In light of the COVID-19 pandemic, transplant-eligible patients with cancer are undergoing careful assessment to determine whether they should proceed with the procedure or receive additional consolidation therapy to buy time, according to Naval G. Daver, MD.
In light of the COVID-19 pandemic, transplant-eligible patients with cancer are undergoing careful assessment to determine whether they should proceed with the procedure or receive additional consolidation therapy to buy time, according to Naval G. Daver, MD.
For patients with hematologic malignancies such as acute myeloid leukemia (AML) or acute lymphocytic leukemia (ALL) in the frontline setting, most allogeneic stem cell transplants are being conducted as planned, said Daver, although patients will be tested for the virus to ensure they are not infected prior to the procedure. If the test results turn out to be negative, the procedure is typically conducted.

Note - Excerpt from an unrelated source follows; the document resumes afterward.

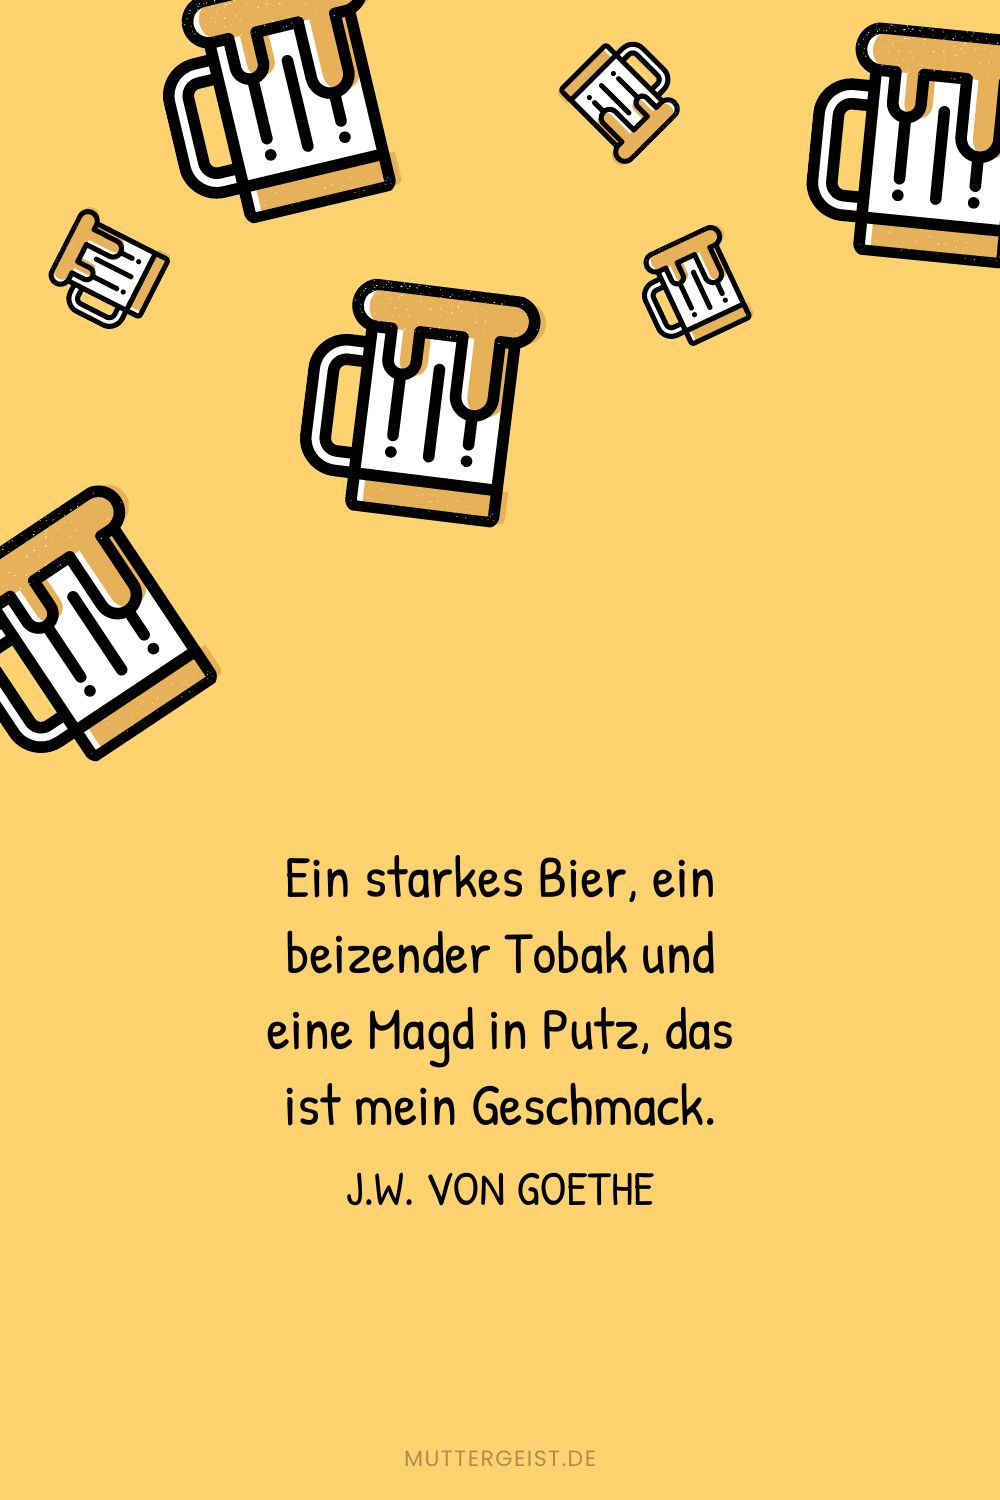 Johann Wolfgang von Goethes Zitat über Bier

However, in the relapse setting, providers are a bit more conservative with regard to selecting the time and type of transplant for patients. In cases where patients can safely delay treatment, the procedure may occur a few weeks later than previously planned in an effort to make it past the peak of the pandemic, explained Daver.
“Most of our patients are on treatment in clinical trials. If we proceed to transplant, especially in the frontline setting, we usually try to do so after either the induction or the induction plus consolidation,” said Daver.
At this time, age and comorbidities must also be carefully considered when evaluating patients for stem cell transplant. If these factors indicate that transplant might be risky, then patients might be given more cycles of consolidation therapy, according to Daver.
“In today's era, if patients are concerned, or for particular reasons like their age or comorbidities we are worried that transplant may be risky [in that there may be] a high potential [for a] severe occurrence of COVID-19—then we may give them 1 or 2 additional consolidations. Each consolidation usually lasts 4 to 6 weeks, so if you give 1 consolidation, that will buy you 6 weeks; if you give 2, that could give you another 12 weeks. ”
The utility of hematopoietic growth factor has not changed in light of the pandemic, added Daver, nor has the use of erythropoietin stimulating agents. Although a blood shortage was reported during the first weeks of the pandemic, the transfusion threshold has since been reset to a slightly lower level. Although it’s not at baseline, said Daver, providers are able to start transfusing more, if needed; as such, growth factors are not being used more frequently at this time.
In an interview with Oncology Nursing News' sister publication, OncLive, Daver, an associate professor in the Department of Leukemia at The University of Texas MD Anderson Cancer Center, discussed the impact of COVID-19 on stem cell transplant for patients with hematologic malignancies and other measures put into place to prevent patients from infection.
OncLive: How has the transplant eligibility criteria changed in light of the COVID-19 pandemic? Are you trying to delay transplant in most patients?
Daver: Due to COVID-19, we have reassessed both our induction and transplant eligibility. In general, we are trying to continue with the procedures as we normally would. For transplant, especially in the frontline setting, whether it’s [in patients with] AML or ALL, we are continuing to proceed with allogeneic stem cell transplant. We do check for COVID-19 before proceeding with [the procedure]. If the patient is negative, we usually do continue with the transplant in the frontline setting.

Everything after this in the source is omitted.